Выслушал я всю эту белиберду, ровно с того света, и взыграла во мне вдруг солдатская совесть. Есть она у меня, есть, слава Богу. Неужели уж вот так, без песни, покинуть мне навсегда это унылое местожительство? Унылая была бы, Петя, ошибка, стратегическое, более того, поражение, жалкий плен в мосластых лапах смерти. Я петь желаю.
Беру расческу, бумажку папиросную прибереженную к ней прилаживаю, вступление делаю и начинаю глоткою своей луженою, промытою алкогольной мутью из-под мозгов Маркса, Энгельса, Канта, Гегеля, Буденного: «…двадцать второго июня, ровно в четыре часа Киев бомбили, нам объявили, что началася война… синенький скромный платочек падал с опущенных плеч, чувствую рядом любящим взглядом ты постоянно со мной…»
На одной ноге стою, без костыля и палки, потому что успел выкинуть в окно их ввиду ненадобности, пусть мальчики подберут их и в инвалидов поиграют, память обо мне на краткий миг побудет безымянная… Долго ли, думаю, до табуретки доскакать и башку непутевую сунуть в петлю?
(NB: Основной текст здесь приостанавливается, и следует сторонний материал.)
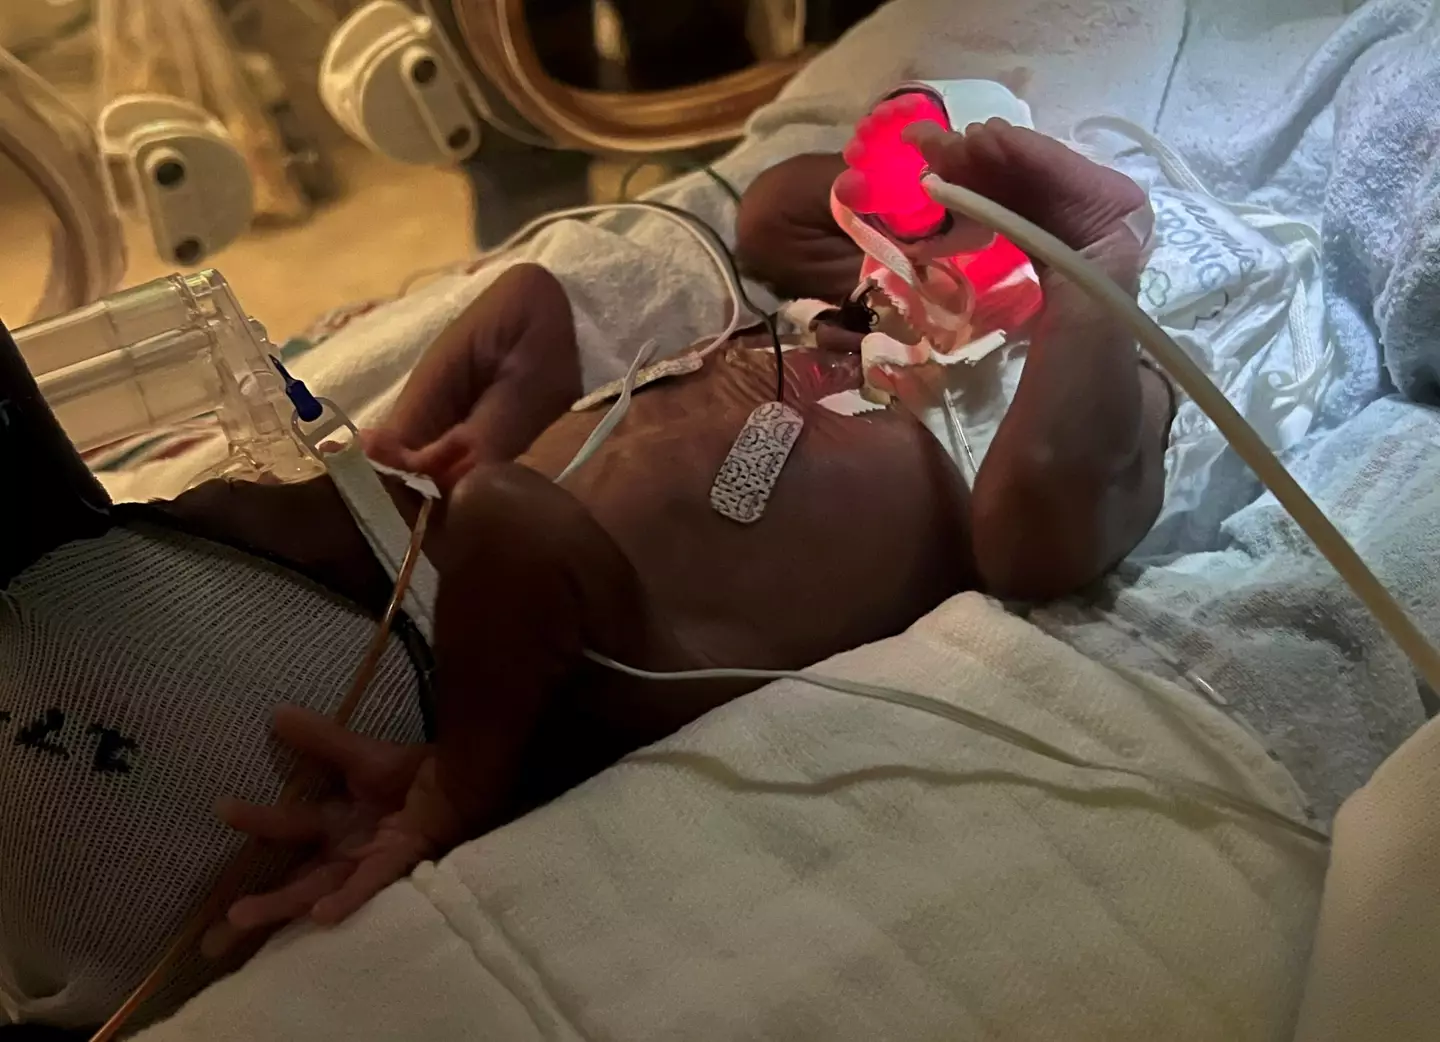 Saniah's son was born 14 weeks earlier than expected.

Не долго.
Но вот стою, пою и чую, что каким-то чудесным образом я – Петр Вдовушкин, без пяти минут самоубийца, оживаю. Оживаю в себе, как говорит Маркс, когда ему жена пожрать по воскресеньям приносит… Веселею. Не может так быть, чтобы я сам этот жуткий клубок не распутал беспощадно и скромно. Чую, что чего-то не хватает мне для повешения, пренебрегаю смертью, пою, заливаюсь: «синенький скромный платочек падал с опущенных плеч…»
Помру, но не отступлю, повоюю с Втупякиным, попытка – не пытка, елки зеленые, Петя, певец ты мой фронтовой и мировая умница… сколько заветных платочков ровно в четыре часа…
Хлобыстнул еще от радости продолжения жизни полкружки мозговухи ужасной и смотрю – Ленин с Марксом на полу посинели, хрипят, согнулись в три погибели от корчей… Батюшки… отрава.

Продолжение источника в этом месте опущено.